Wednesday, April 10, 2013

Can you serve two masters? When it comes to gun control, Republican pols are having trouble doing so. Hence the filibuster.

Until we get public financing of elections, every politician must serve two kinds of master: voters and patrons.

Nowhere is this more obvious than in the gun regulation debate. Especially with universal gun registration, supported by over 90% of voters and even over 2/3 of NRA rank and file members--but opposed by the gun makers, major patrons and congressional job-killers of those who bring down their wrath.

The solution? Prevent a vote. That way the general voting public won't notice that your first loyalty is to your patrons, not your voters.
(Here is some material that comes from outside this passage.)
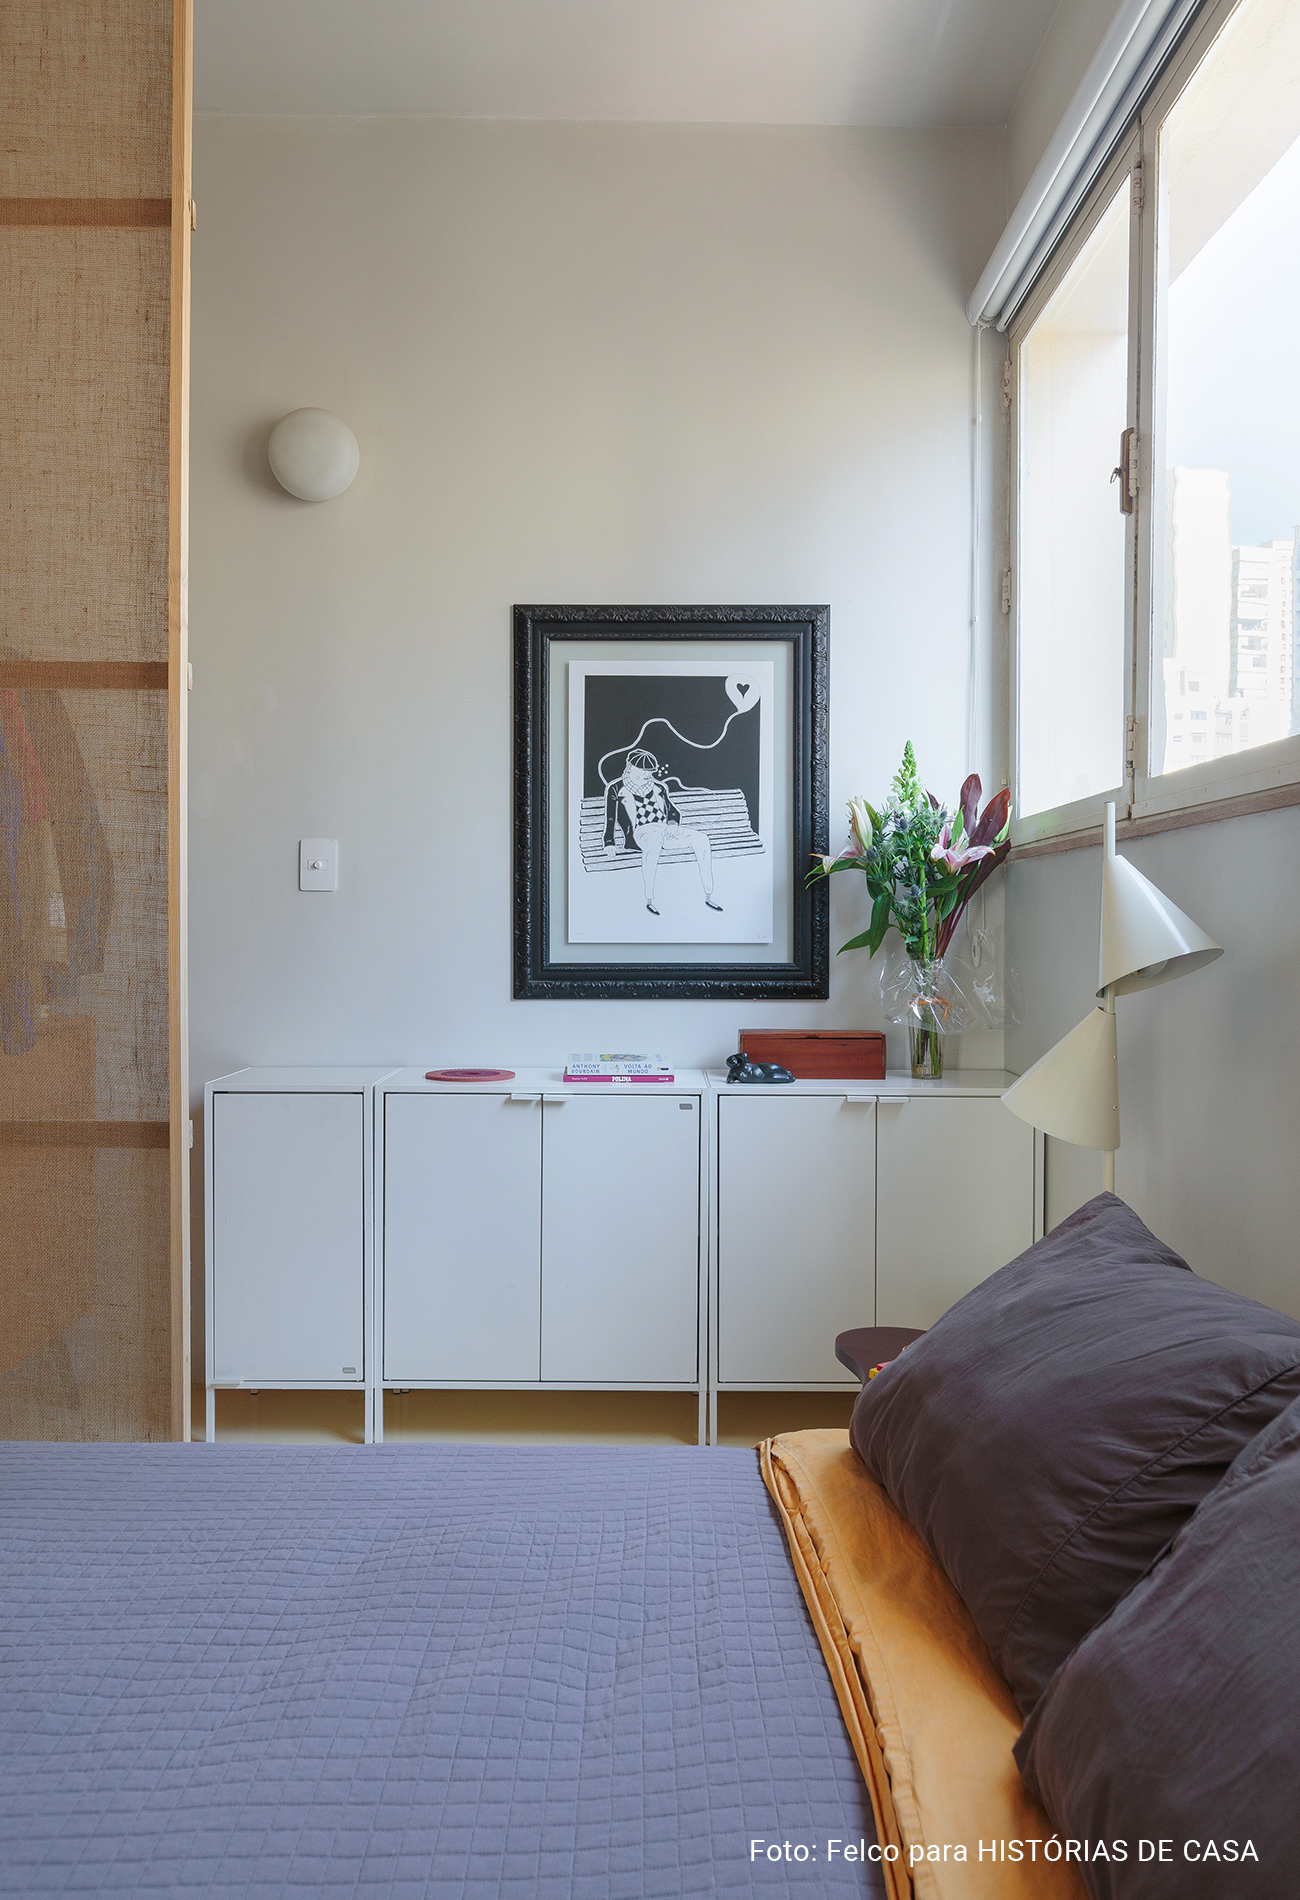 Apartamento pequeno com janelão e boas ideias para otimizar espaço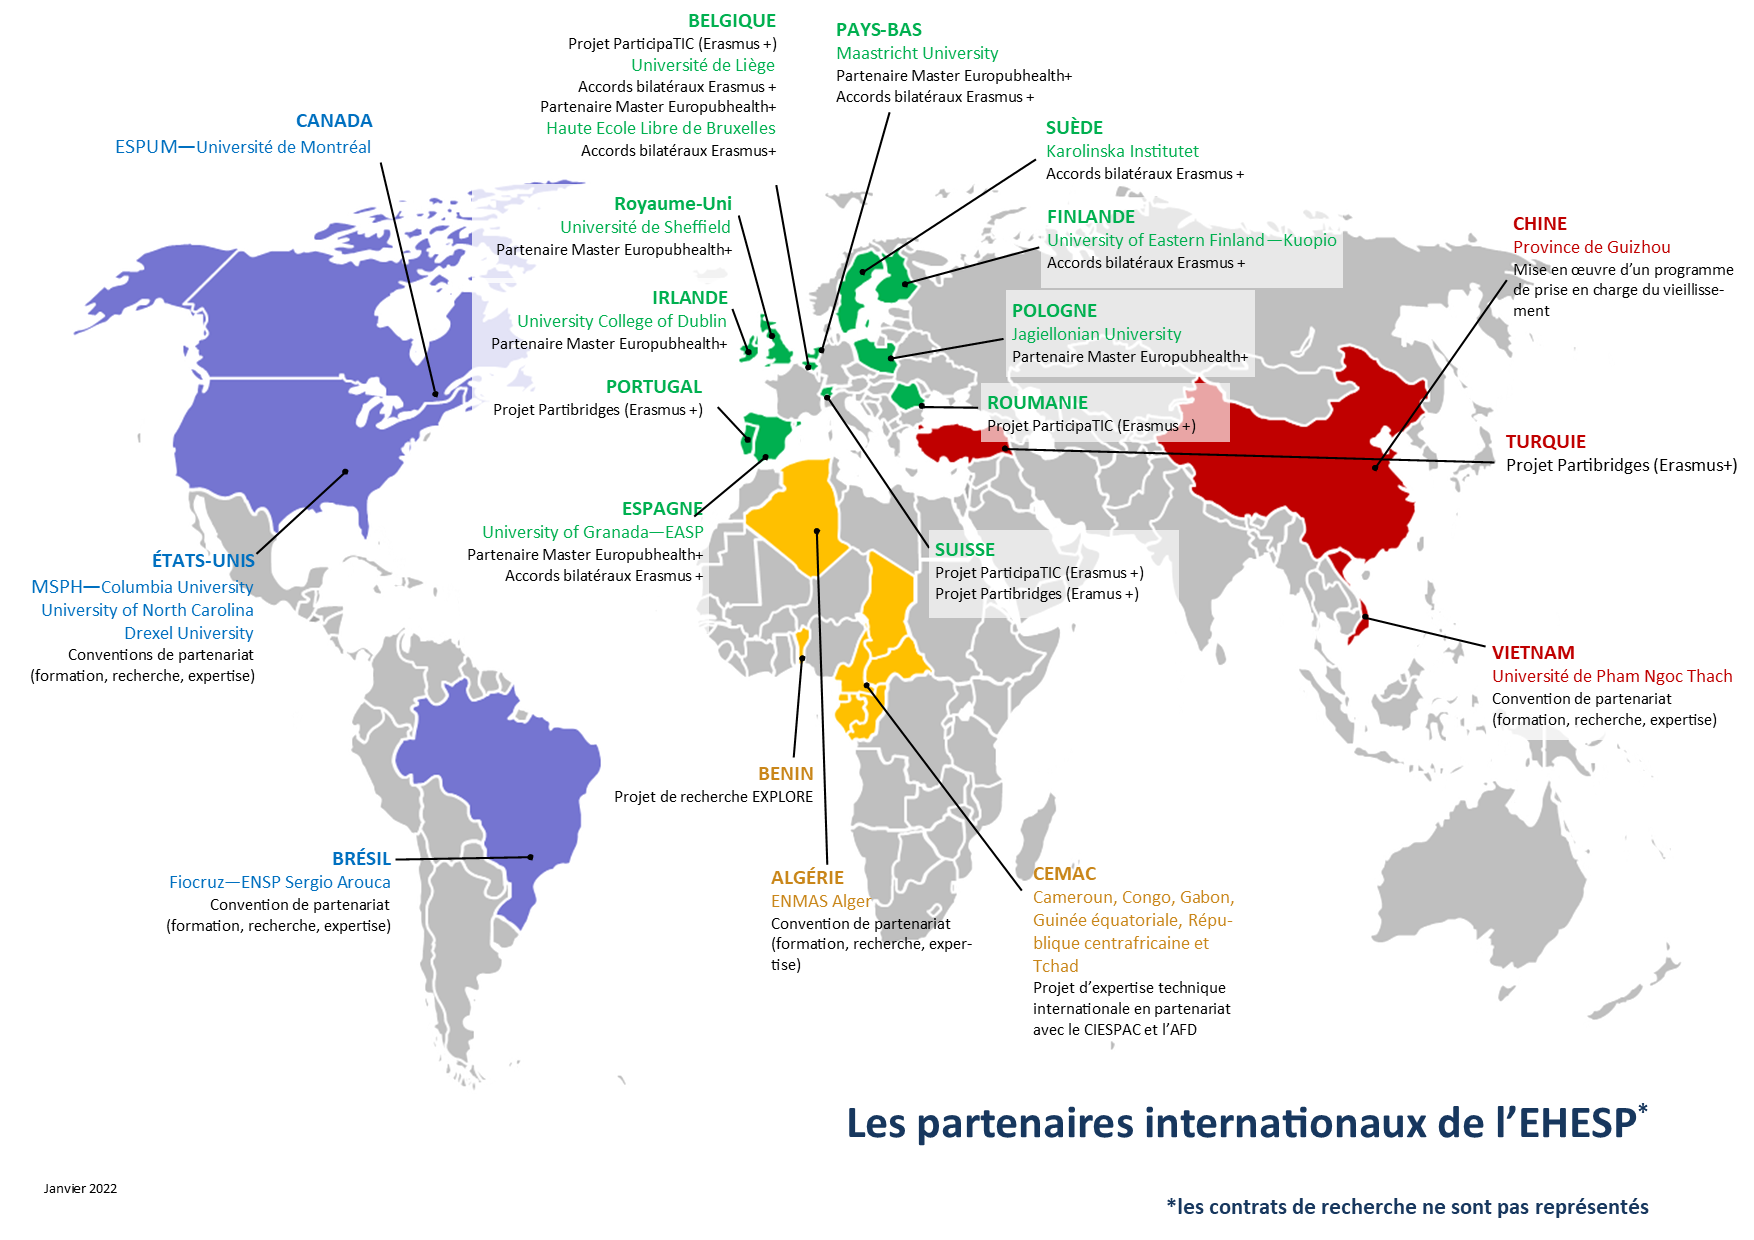 L'image est une carte du monde qui montre les différents partenaires de l'EHESP en janvier 2022

Heck, most Republican districts are so radically gerrymandered you can't lose to a Democrat anyway. So what even Republican voters want doesn't matter all that much.

And of course when one side is being promoted by a multibillion dollar industry and the other by a few grieving parents and a few politicians with a conscience, voters are more apt to hear the blaring bullhorn than a few teary pleas.

In addition, from time immemorial the rich and powerful have always had a core of shock troops--their bully boys--to go out and defend their interests. In Tehran it's the thug militias who go out and club and shoot protesters against the mullahs. Here it's more peaceful but still has that flavor: that is, the million or so gun nuts--not to be confused with most gun owners--the gun nuts who believe they have a right to own military ordnance without the government knowing they do and without any meaningful protections from crooks and psychos having almost equally free access to firearms of all types.

It's an unequal fight. The one positive sign is the growing disenchantment of Republican voters watching even their opinions being flouted flagrantly by the people they voted into office. 

...and a few Republican senators who are manning up and denouncing the threatened filibuster, including John McCain.